In the present study, two different methods (flow cytometry and immunoblotting) were used to quantify NCX1-, NCX2- and NCX3-specific immunoreactivity in intact synaptosomes isolated from brain tissue of cognitively normal and AD patients. Our flow cytometry data revealed that NCX1 is 1.5 times more abundant than NCX2 and NCX3 in the parietal cortex of cognitively normal patients. Quantitative flow cytometry also showed that NCX2 levels were increased and NCX3 levels reduced in the parietal cortex of AD patients. NCX2 upregulation in AD terminals may be the result of a compensatory mechanism to balance the loss of NCX3 expression. Accumulation of NCX2 might also result from a blockade of retrograde axonal transport in AD neurons, a possible downstream effect of Aβ accumulation. The decrease of NCX3 immunoreactivity in nerve terminals may be associated with cholinergic and glutamatergic synapse loss, which are pathologic features of late stage AD [42–43], or might result from decreased transcriptional activity in AD neurons.

A net increase of NCX proteins may result in increased NCX activity in AD brains [41]. Such an increase would protect nerve terminals that are unable to regulate increases in [Ca²⁺_i] caused by Aβ-induced activation of voltage-dependent calcium channels (VDCC), formation of Ca²⁺-permeable pores in the plasma membrane, or through ER Ca²⁺-depletion signaling pathways in AD [44].

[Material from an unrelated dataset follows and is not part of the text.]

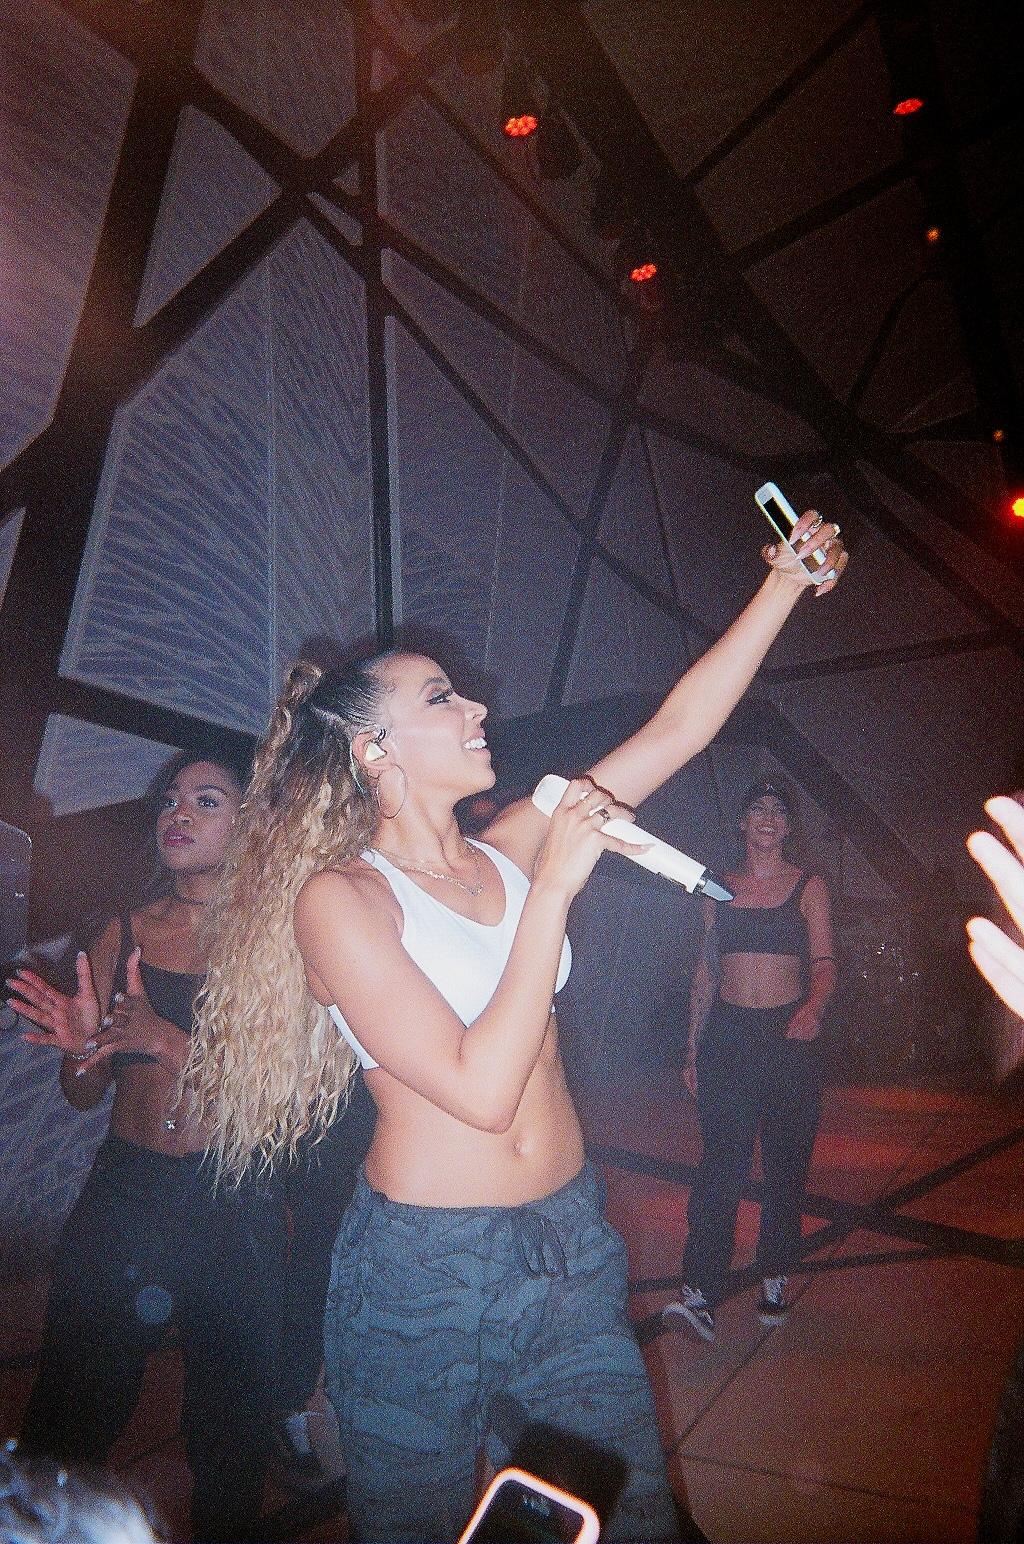 Tinashe - shot by @chrixtophwalsh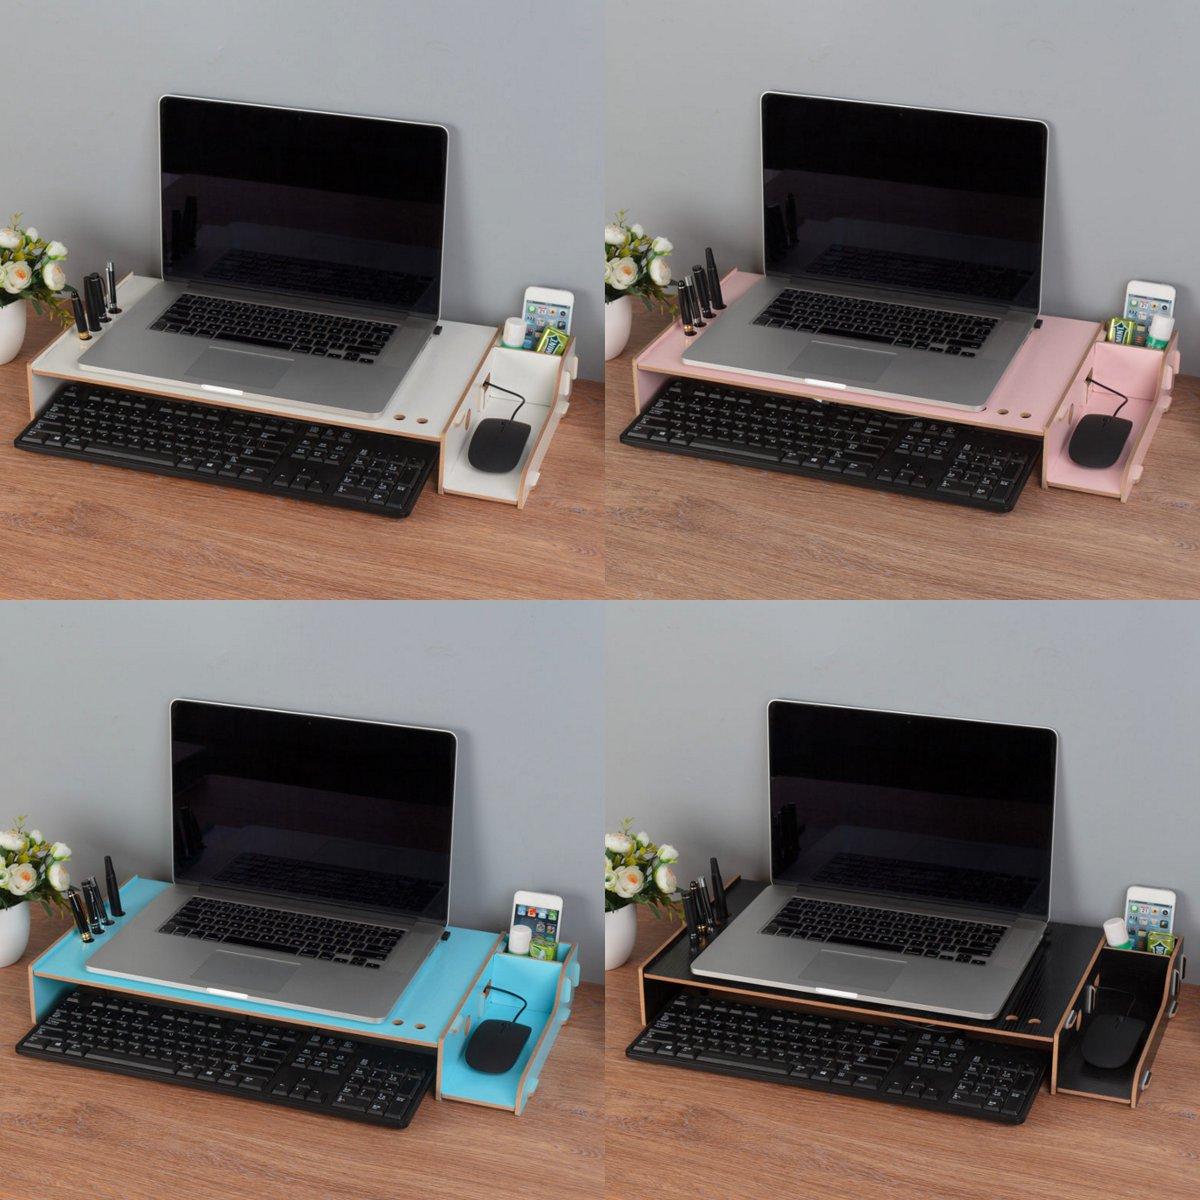 Soporte para TV portátil, soporte de madera para Monitor de escritorio, soporte de escritorio para pantalla elevadora, soporte de escritorio para portátil

The present experiments demonstrated co-localization of NCX1, NCX2 and NCX3 with Aβ, and all three NCX isoforms were up-regulated in pathological terminals that contained Aβ. In terms of peptide species, soluble Aβ oligomers are thought to be the key peptides associated with cognitive decline in AD [45]. In the present experiments, the most likely oligomeric species associated with NCX1-3 include a 56 kDa assembly and small oligomers < 20 kDa, which are prominent in synaptic terminals [29, 46]. Increased levels of NCX1, NCX2 and NCX3 in Aβ-positive terminals are likely to follow oligomeric Aβ–induced Ca²⁺ imbalance and may be an indication of the participation of NCX1-3 in Ca²⁺ homeostasis in surviving synapses affected by the intraterminal toxicity of Aβ oligomers [47]. Recent studies have demonstrated that NCX1 and NCX3 are up-regulated in response to the activation of the pro-survival kinase, Akt [48] Since Akt is overactive in AD neurons [49], it is attractive to speculate that NCX1 and NCX3 up-regulation in Aβ-positive terminals may reflect a synaptic response to Aβ buildup and increased [Ca²⁺_i] [49–50]. Thus, NCX1 and NCX3 may contribute to the survival of nerve terminals with Aβ-induced [Ca²⁺ elevations, consistent with previous observations of increased Na⁺-dependent Ca²⁺_i] uptake in AD terminals [41].

Previous anatomical studies showed that all isoforms are widely expressed in neuronal structures of rat cerebral cortex and hippocampus [14, 37]. However, additional studies on their localization in chemically defined neuronal population (i.e. glutamatergic, cholinergic) and regional distribution in human brain are still needed to understand the NCX isoform-specific role in AD pathophysiology. Moreover, pharmacological studies are not sufficient to study the contribution of different NCX subtypes to Ca²⁺ homeostasis in AD terminals due to the lack of selective NCX subtype inhibitors. Further studies using NCX1 conditional knockout mice, NCX2- and NCX3- null-mutant mice will contribute to elucidating NCX1-3 specific function in Aβ-induced neurodegeneration and synapse loss.

4.2. Conclusion

In summary, our results demonstrate a selective regulation of NCX1, NCX2 and NCX3 isoforms in AD cortex, specifically in terminals containing Aβ. Further studies will concentrate on in vitro and in vivo examination of NCX-related Ca²⁺ fluctuations contributing to the progression of AD pathology.